Snowshoe hares, all of them with vibrant white fur, “were hopping about on fallen leaves that had no snow covering,” he wrote. “The month was unusually mild, with practically no snow until the middle of the period.” It was like a vision: The animals almost glowed against the sullen, early-winter soil.
The sight so stuck with him that he described it in a scientific paper 13 years later. By that time, Wallace Byron Grange had demonstrated an intelligence, a precociousness, and a flair for prose style that matched his middle name. At 22, he had been appointed Wisconsin’s first-ever game commissioner; now, at 27, he was a publishing zoologist as well. He was particularly fascinated by snowshoe hares—and their mysterious annual change of costume.
Most snowshoe hares start the year with white coats. They “[hop] stealthily over the crust and loose snow, almost like some phantom creature, rendered relatively inconspicuous,” Grange wrote. “By late winter the surface color … is somewhat mottled, and by the time of the spring thaws it may even appear dirty.” At this point, their dark summer coat starts to come in, and “as the spring progresses, the surface tone changes from a russet to [a] less showy brown.”
Snowshoe hares are not the only animal to pull off such a divine feat.

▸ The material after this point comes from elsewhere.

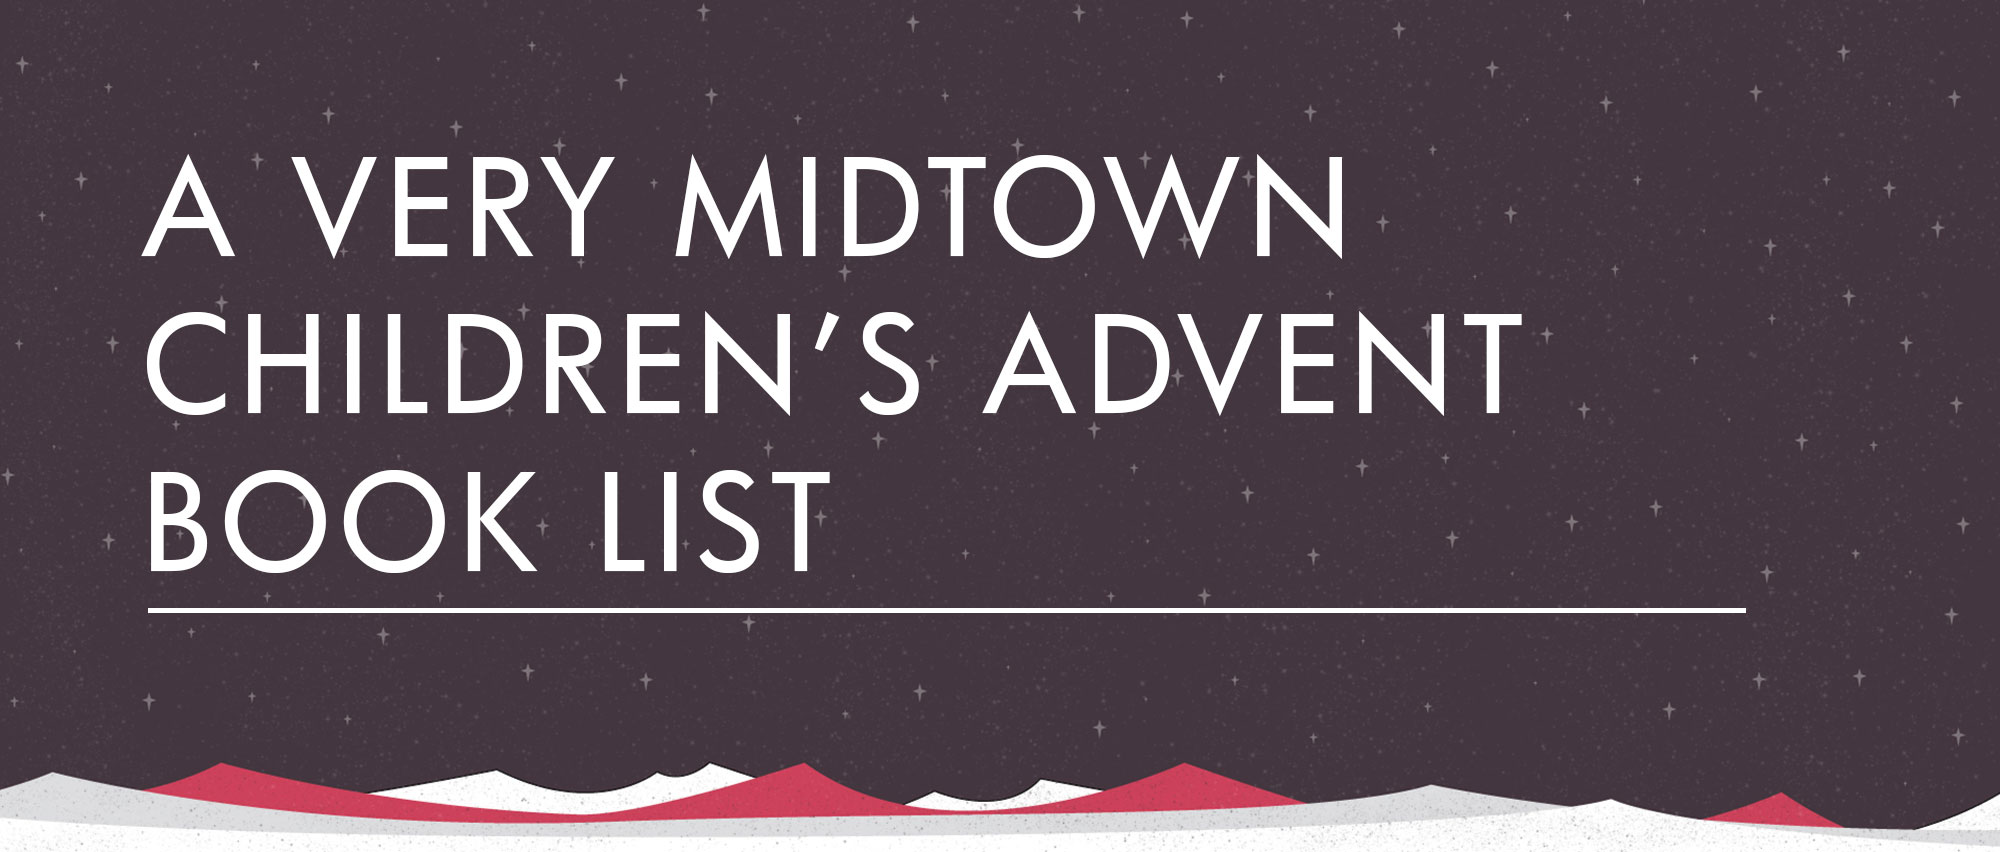 Giv_BlogHeader_A-Very-Midtown-Childrens-Advent--Book-List.jpg

Twenty-one species—including Arctic foxes, long-tailed weasels, and mountain jackrabbits—shift their coat color through the year to match the changing seasons.
But where it was once extraordinary to catch snowy-hued animals during a snowless season, it is now far more common. As the world has warmed, snow has become a rarer sight across much of the Northern Hemisphere, and hares and foxes increasingly find themselves in “mismatch” with their environment.
For the last decade, the ecologist L. Scott Mills and his colleagues have been studying how coat-changing animals might be able to survive climate change. On Thursday, their team published a new study—the culmination of years of work combing through museum collections—that pinpoints the parts of the world where conservation work would be most likely to save coat-changing creatures.